= Exercise objective =
The full listing, word for word and free of images, is the expected result.

= Supplied material =

##########

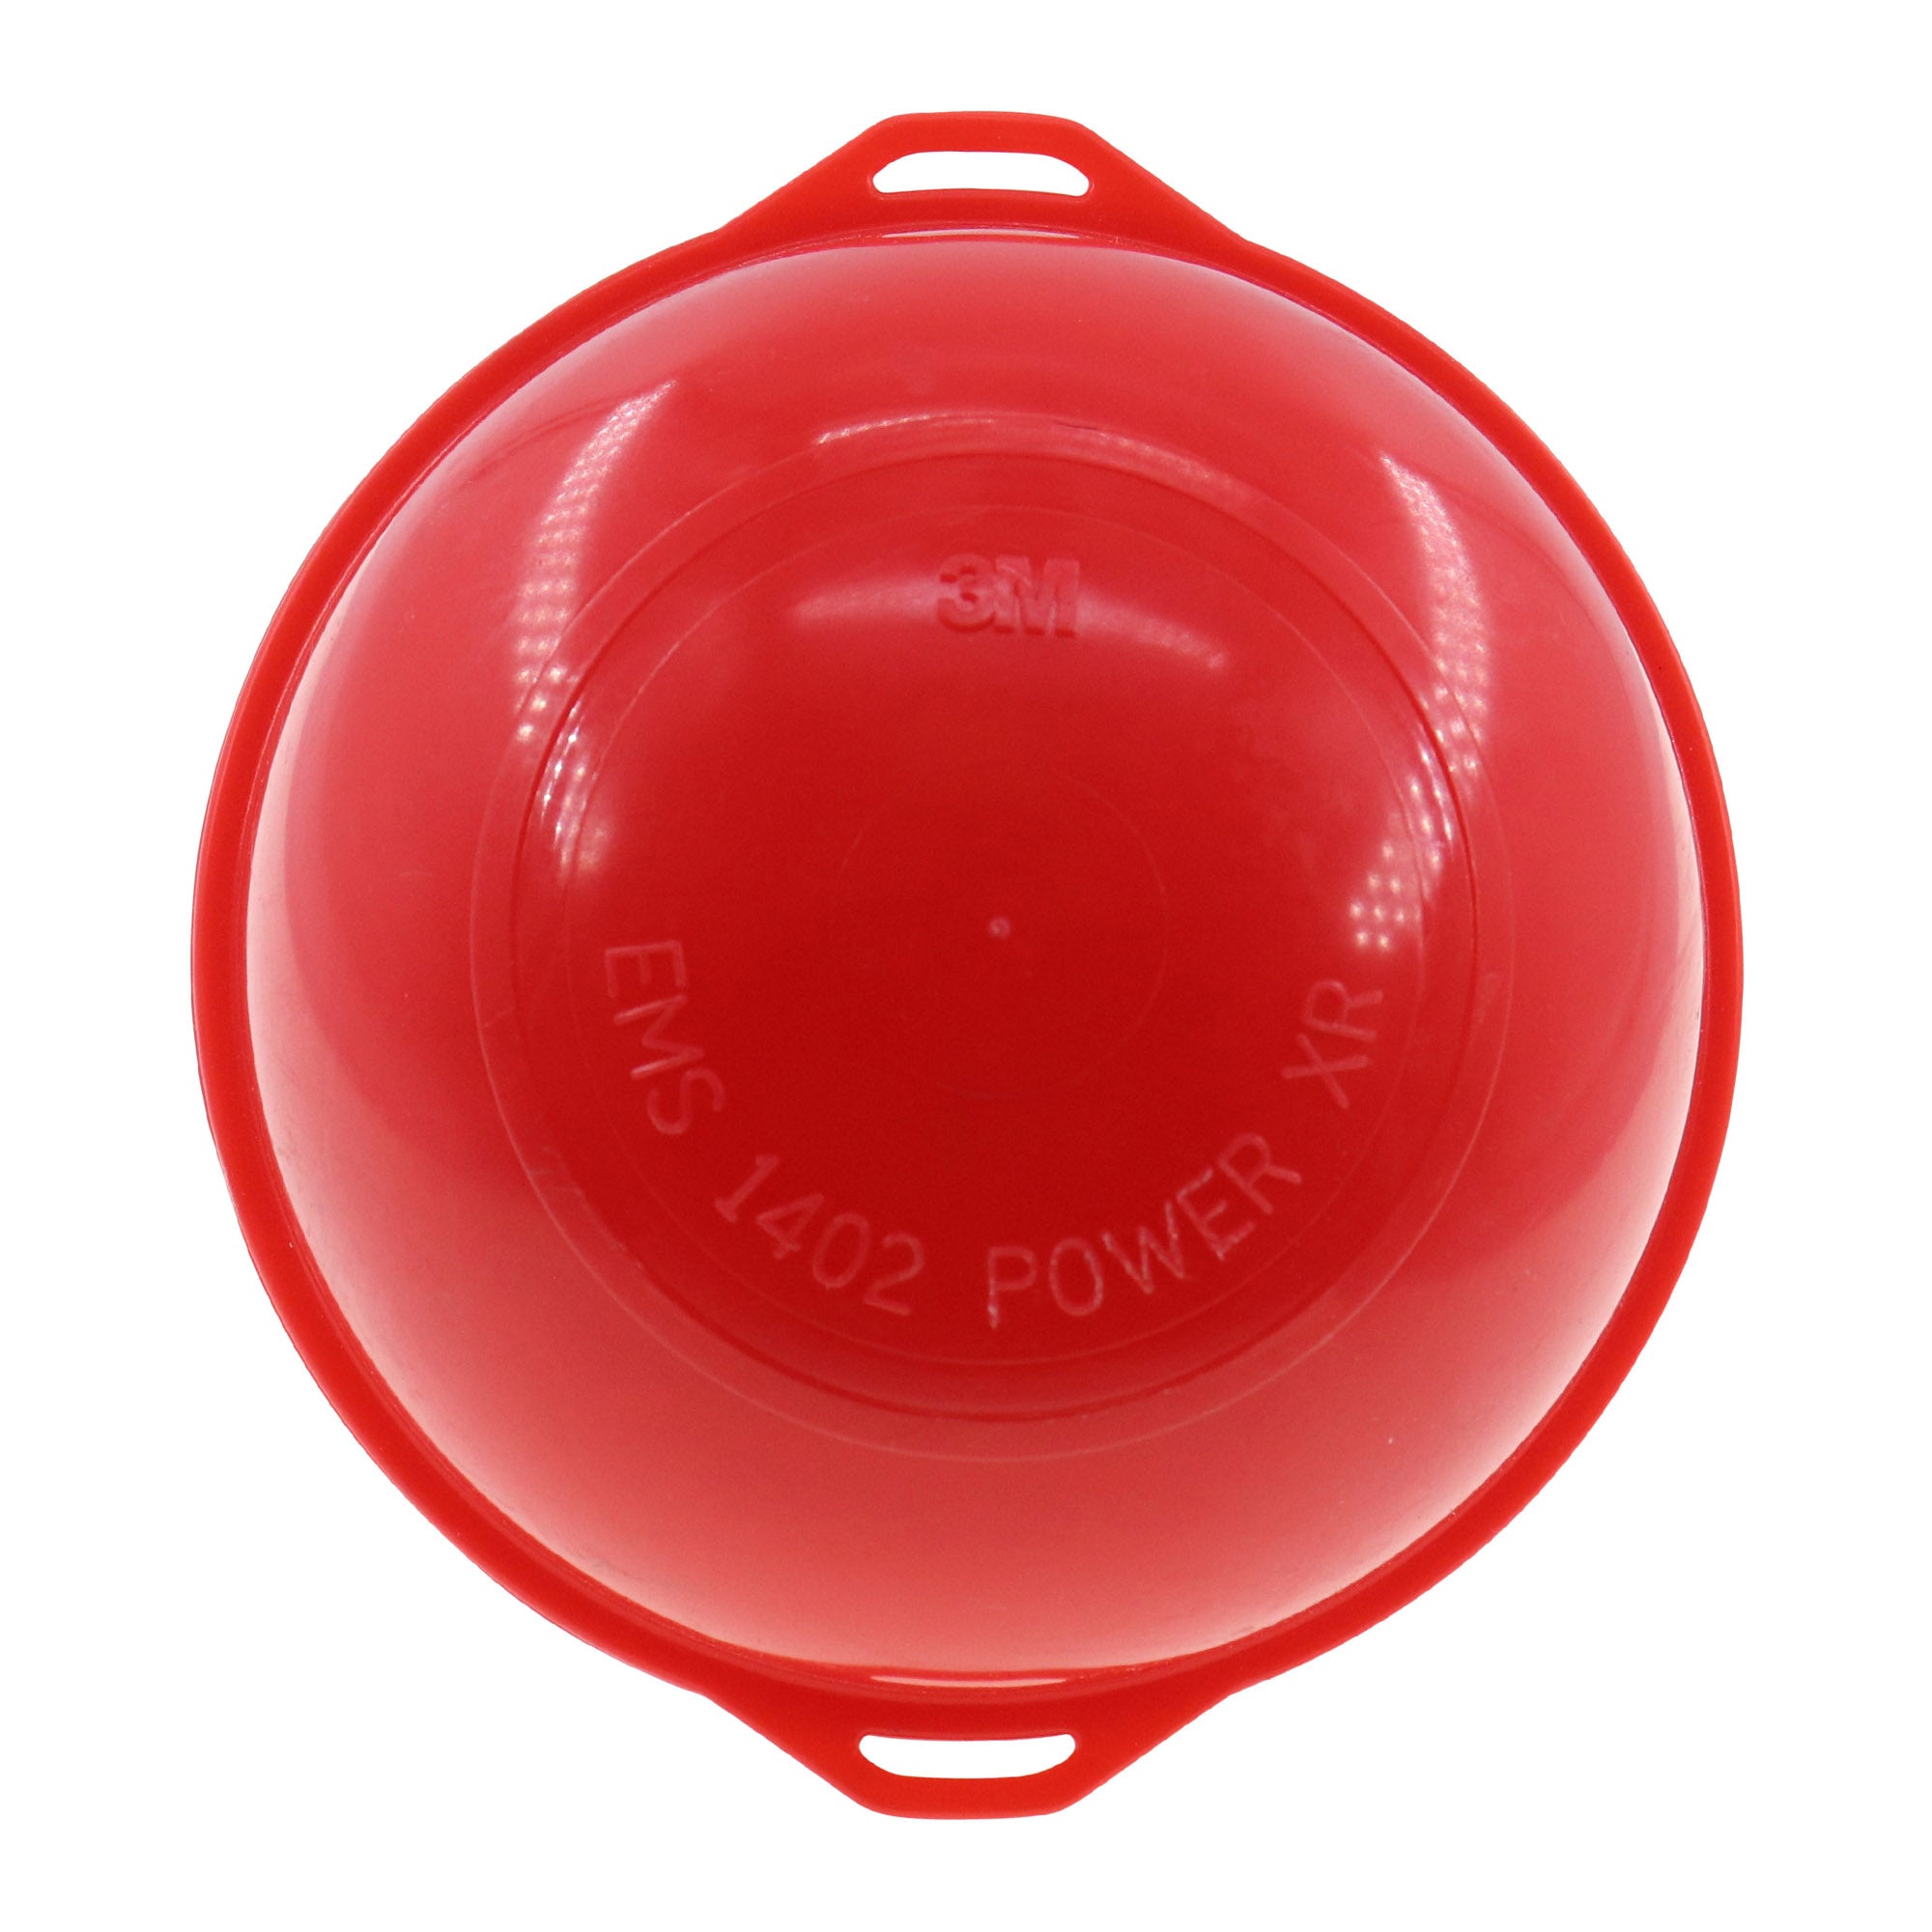 3M, 3M EMS-1402-POWER-XR EXTENDED RANGE POWER BALL MARKER, 6-FEET RANGE, RED
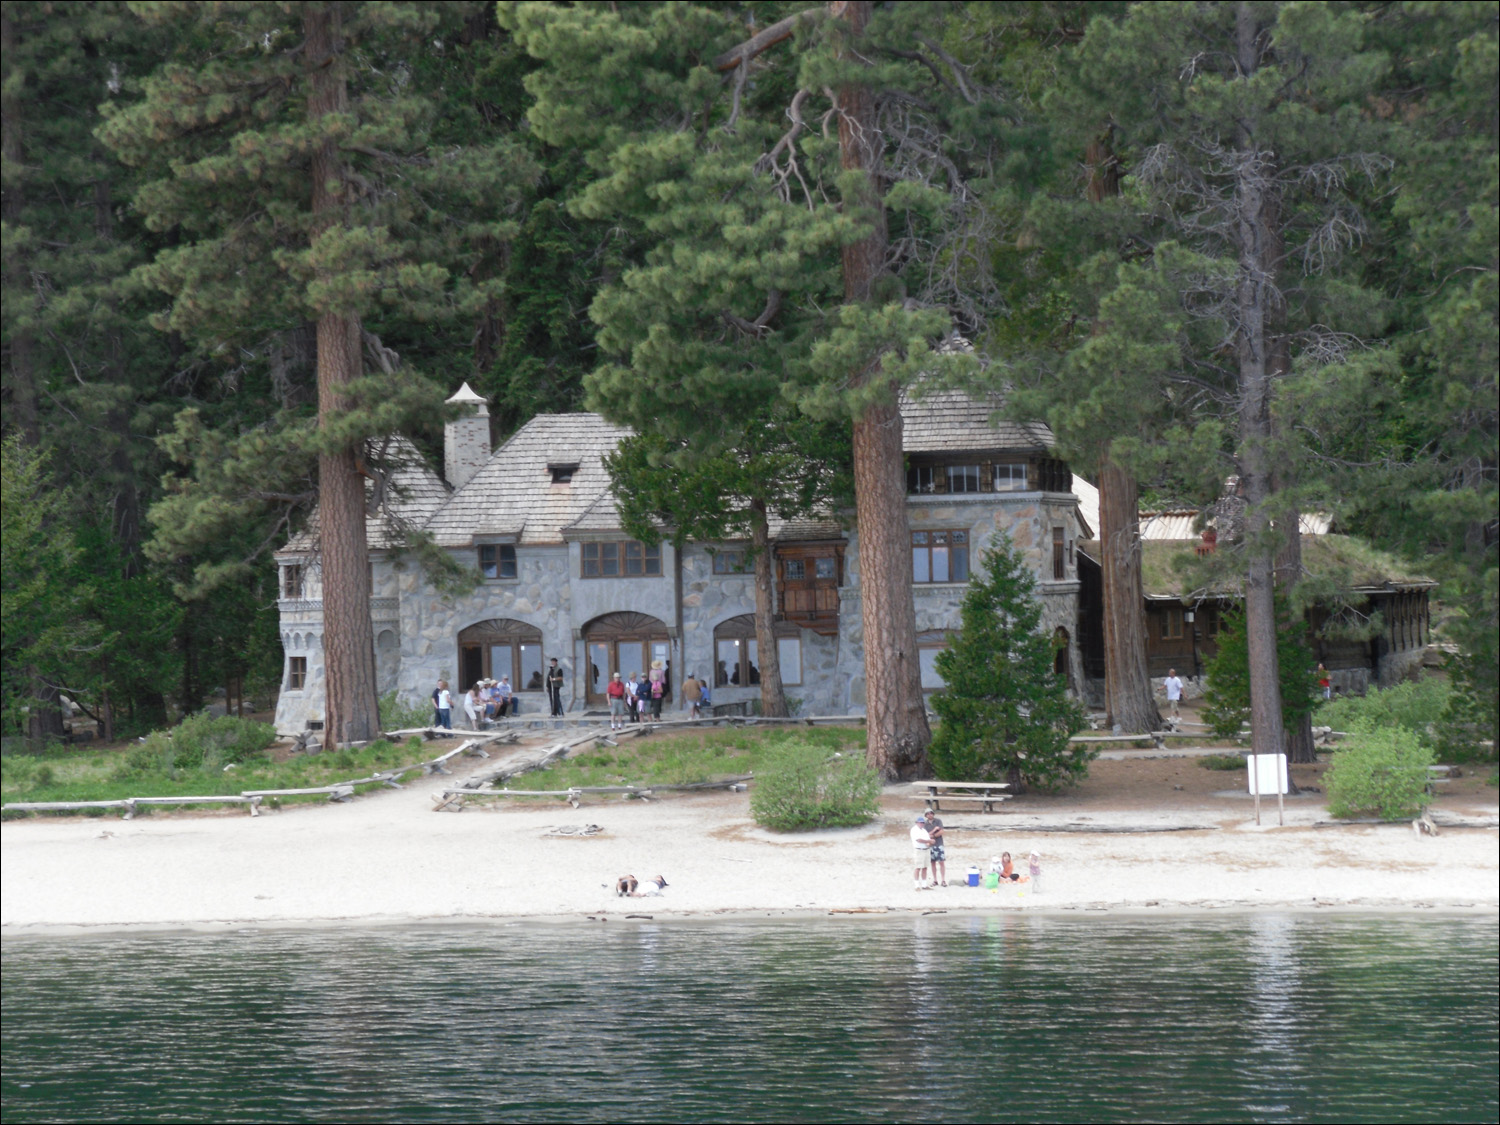 MS Dixie 2 Lake Tahoe Cruise- Vikingsholm mansion in Emerald Bay
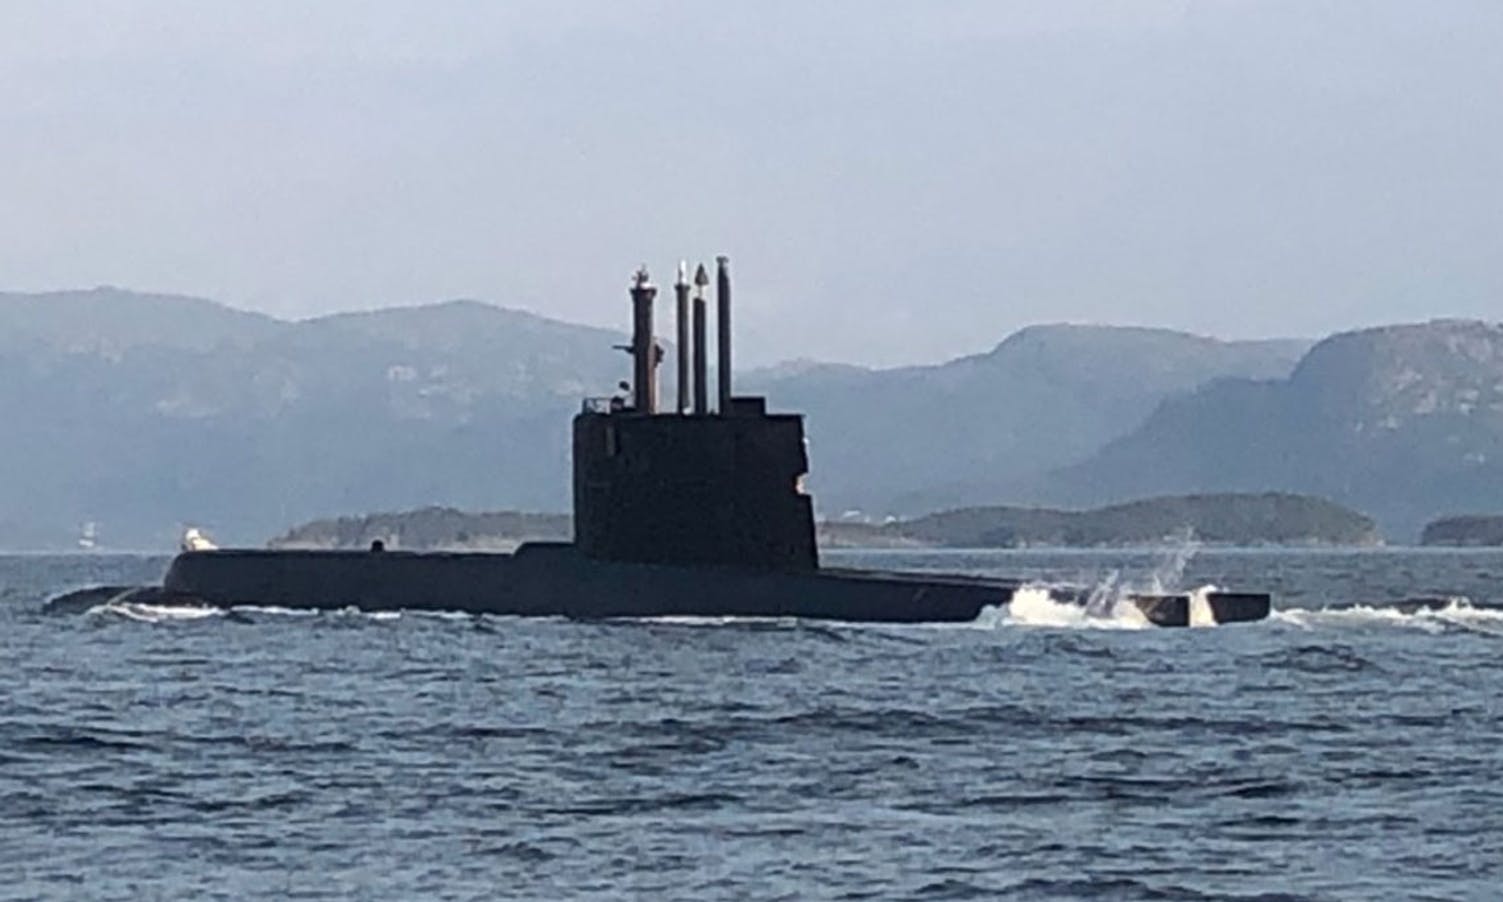 KNM Utsira er navnet på denne ubåten. (Foto: Bjørn Ingvar Fosen)

##########

= Expected output =
 3M, 3M EMS-1402-POWER-XR EXTENDED RANGE POWER BALL MARKER, 6-FEET RANGE, RED
 MS Dixie 2 Lake Tahoe Cruise- Vikingsholm mansion in Emerald Bay
 KNM Utsira er navnet på denne ubåten. (Foto: Bjørn Ingvar Fosen)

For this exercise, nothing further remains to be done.